Restate the listing below word for word; no pictures belong in the copy.

*Exercise data*.
+===+

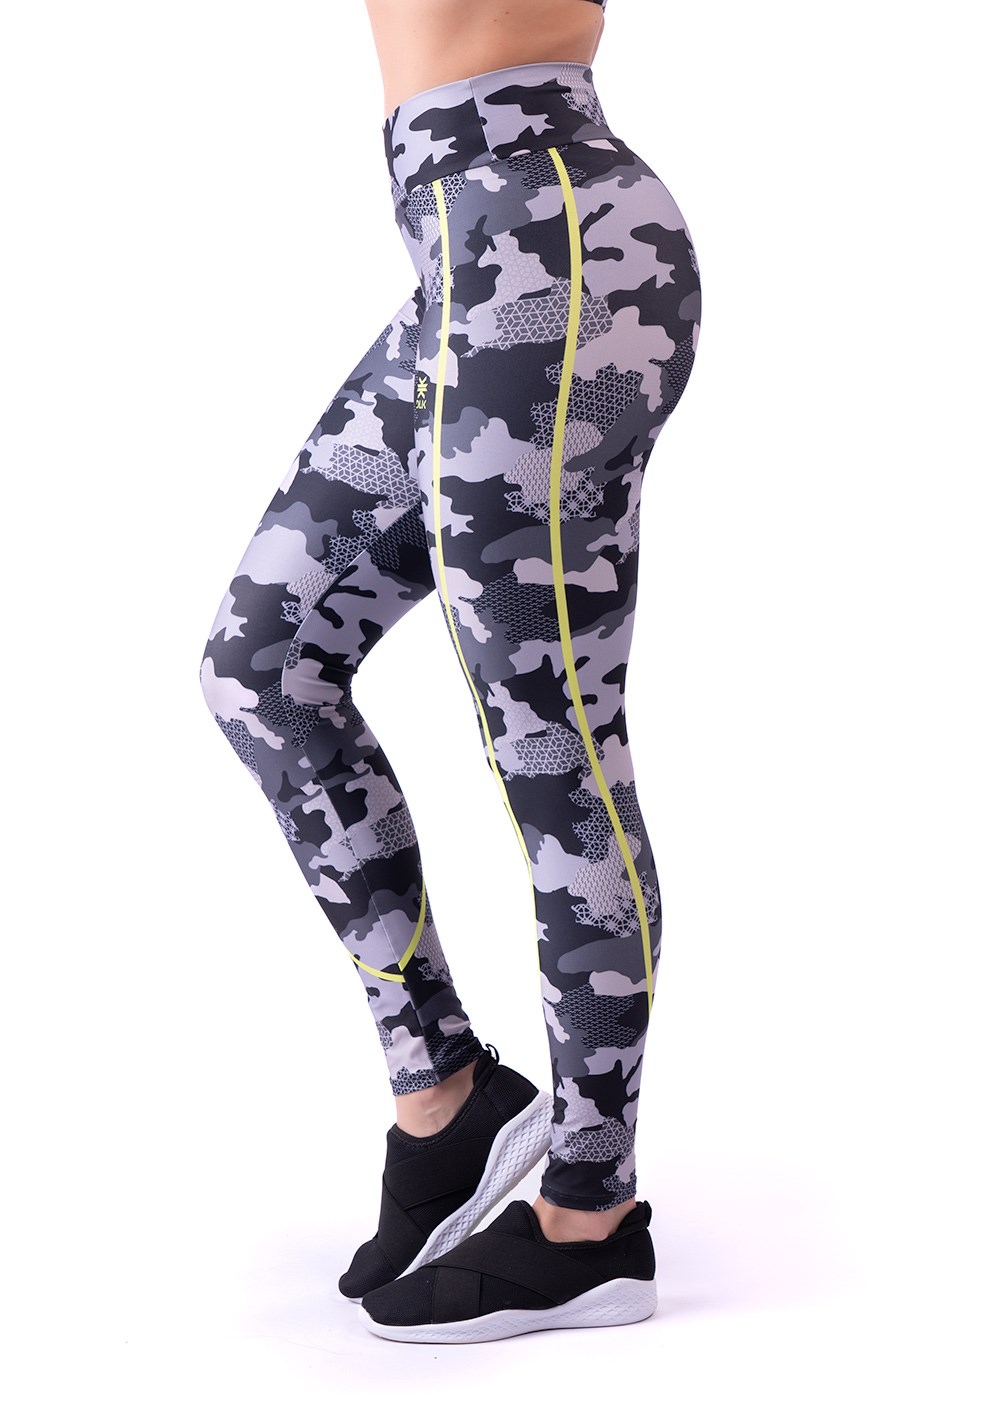 Legging fitness feminina new printed estampada camuflado cinza
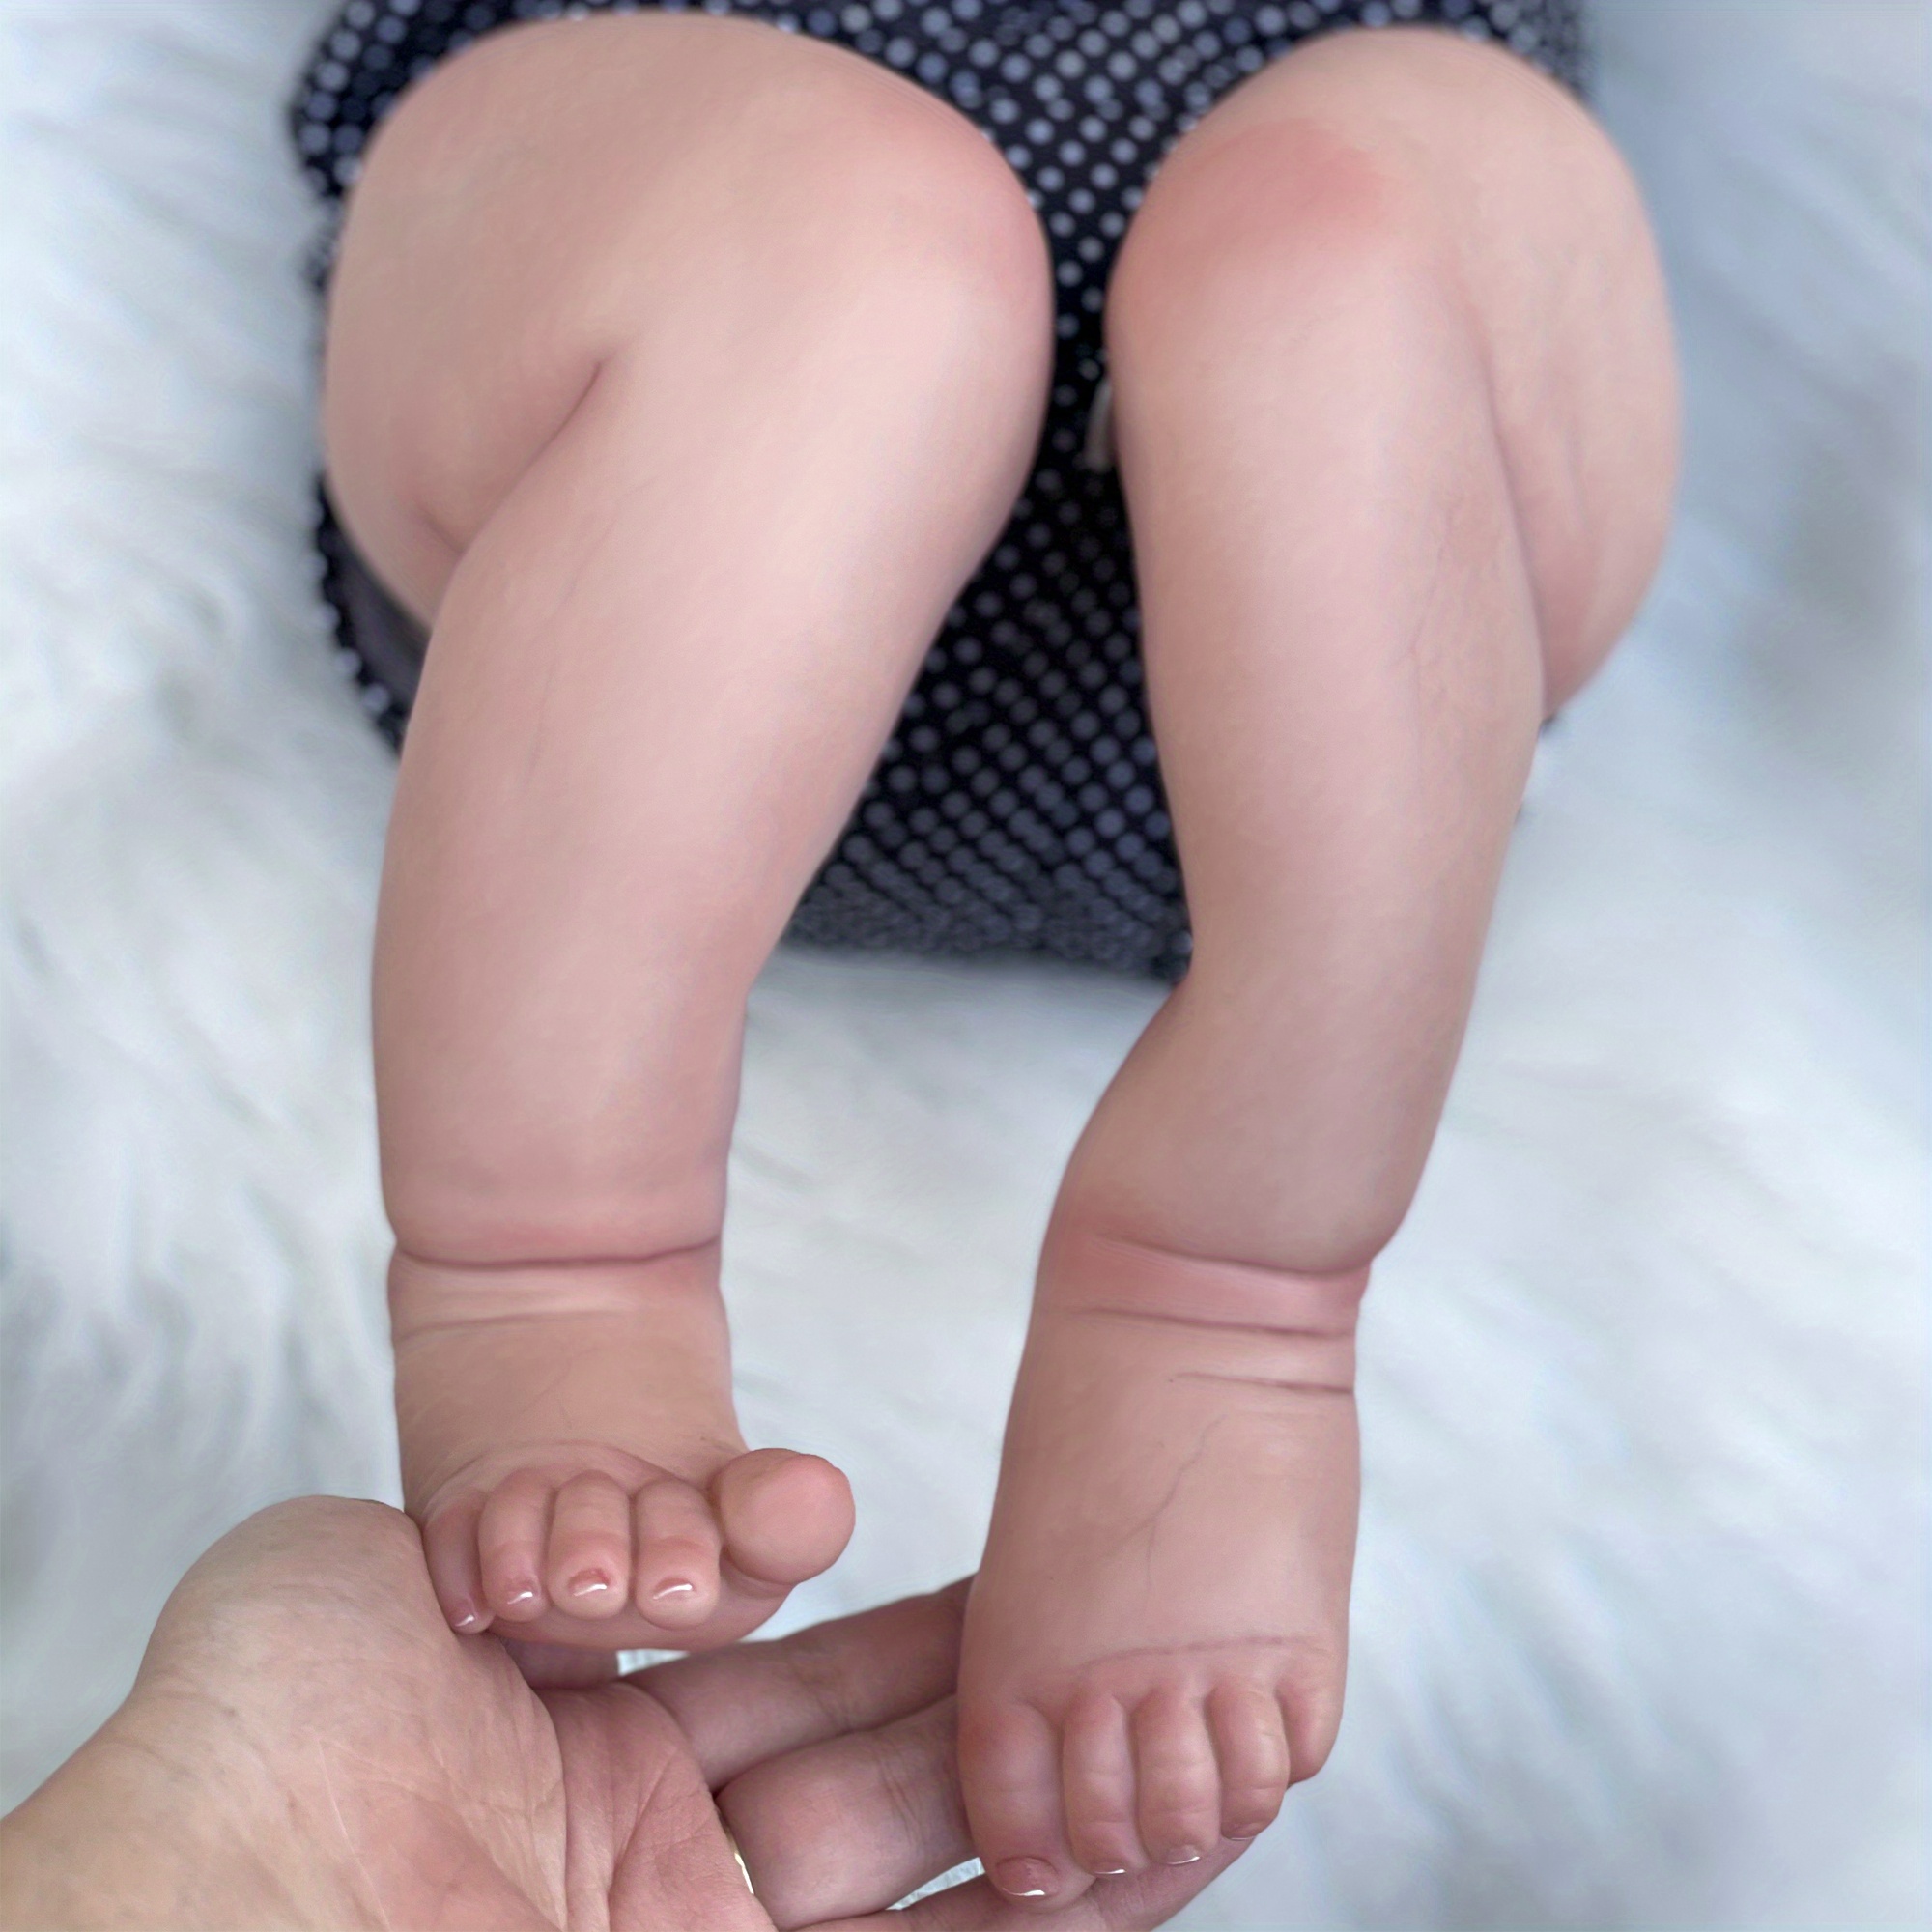 Boneca Bebê Reborn Brianna exclusiva pintada a mão - 50 Centímetros
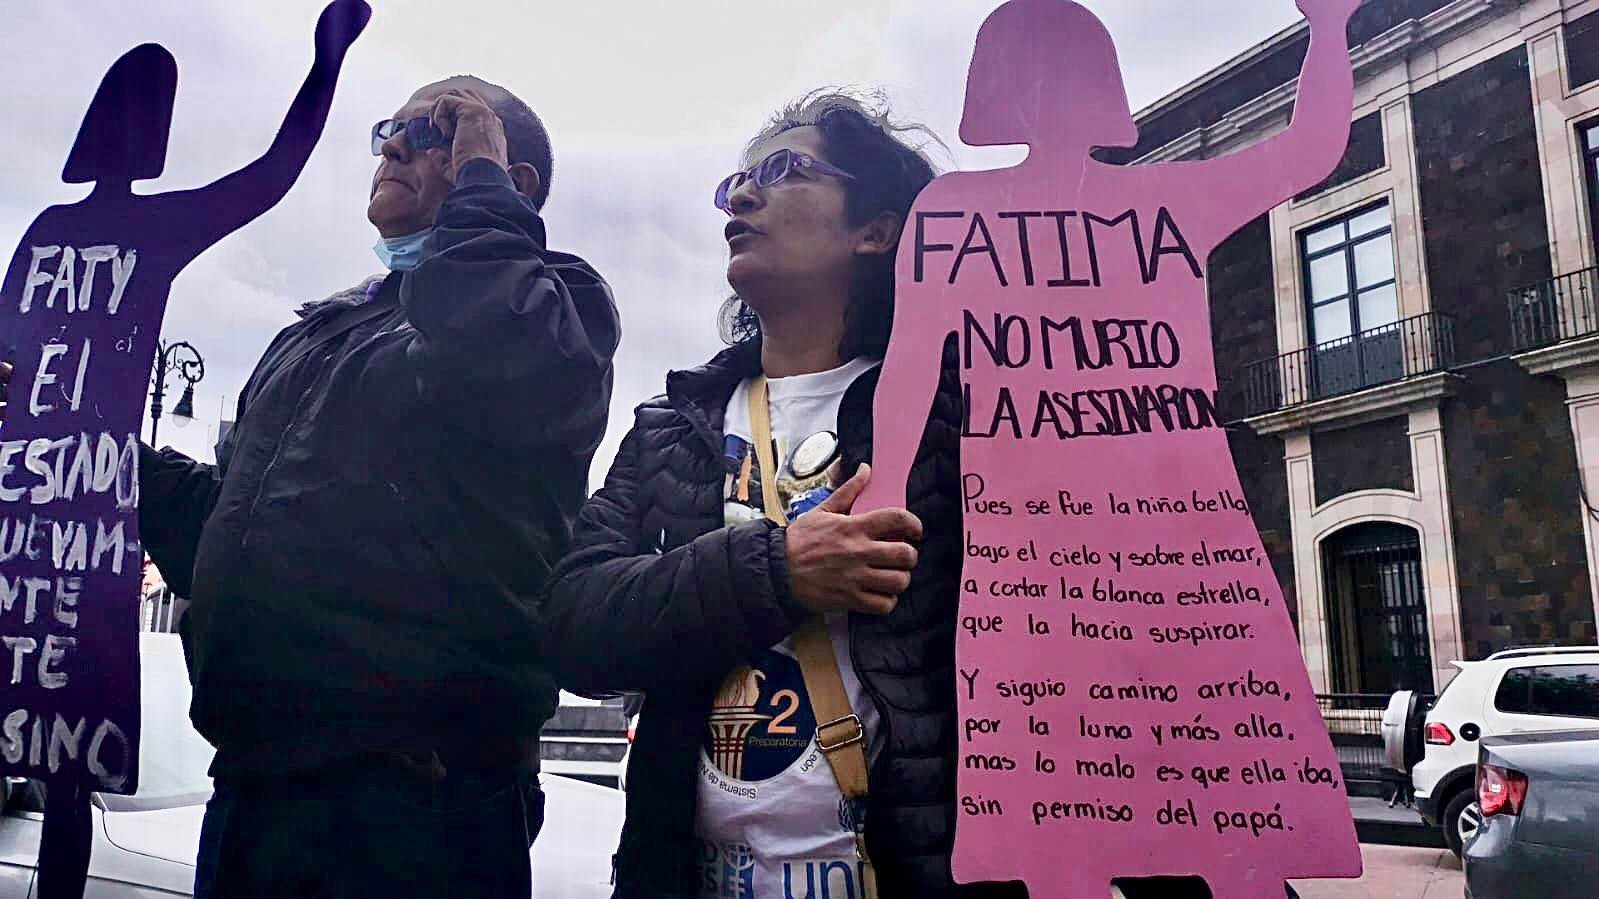 Continúa la exigencia de justicia por el feminicidio de Fátima
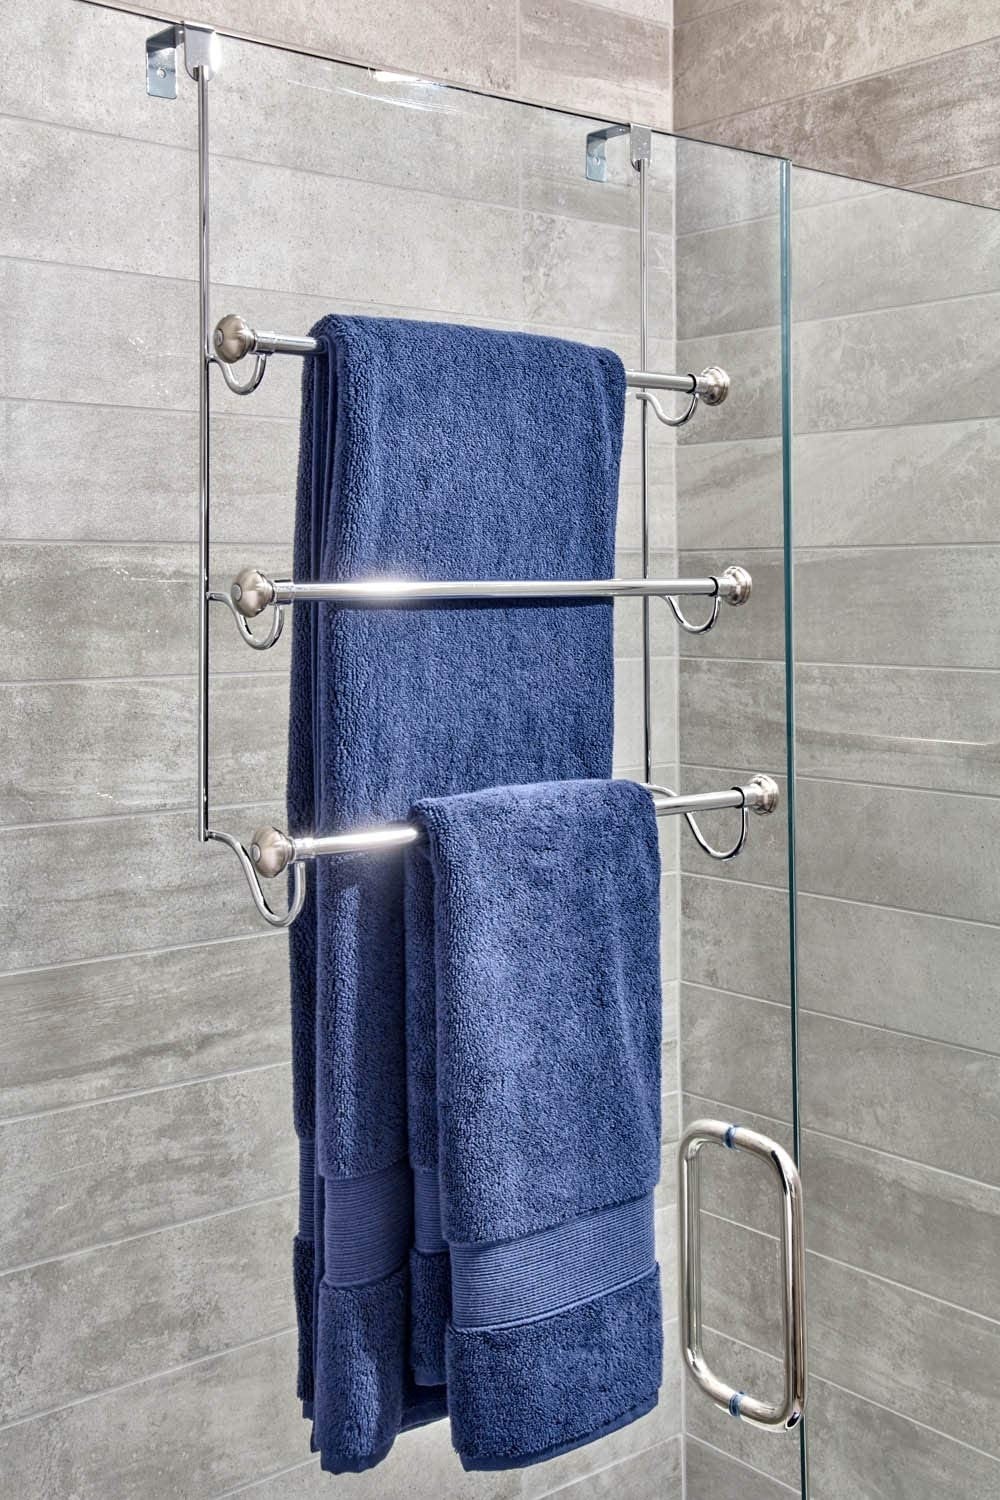 Idesign york over the shower door towel rack for bathroom

+===+

*Output*.
 Legging fitness feminina new printed estampada camuflado cinza
 Boneca Bebê Reborn Brianna exclusiva pintada a mão - 50 Centímetros
 Continúa la exigencia de justicia por el feminicidio de Fátima
 Idesign york over the shower door towel rack for bathroom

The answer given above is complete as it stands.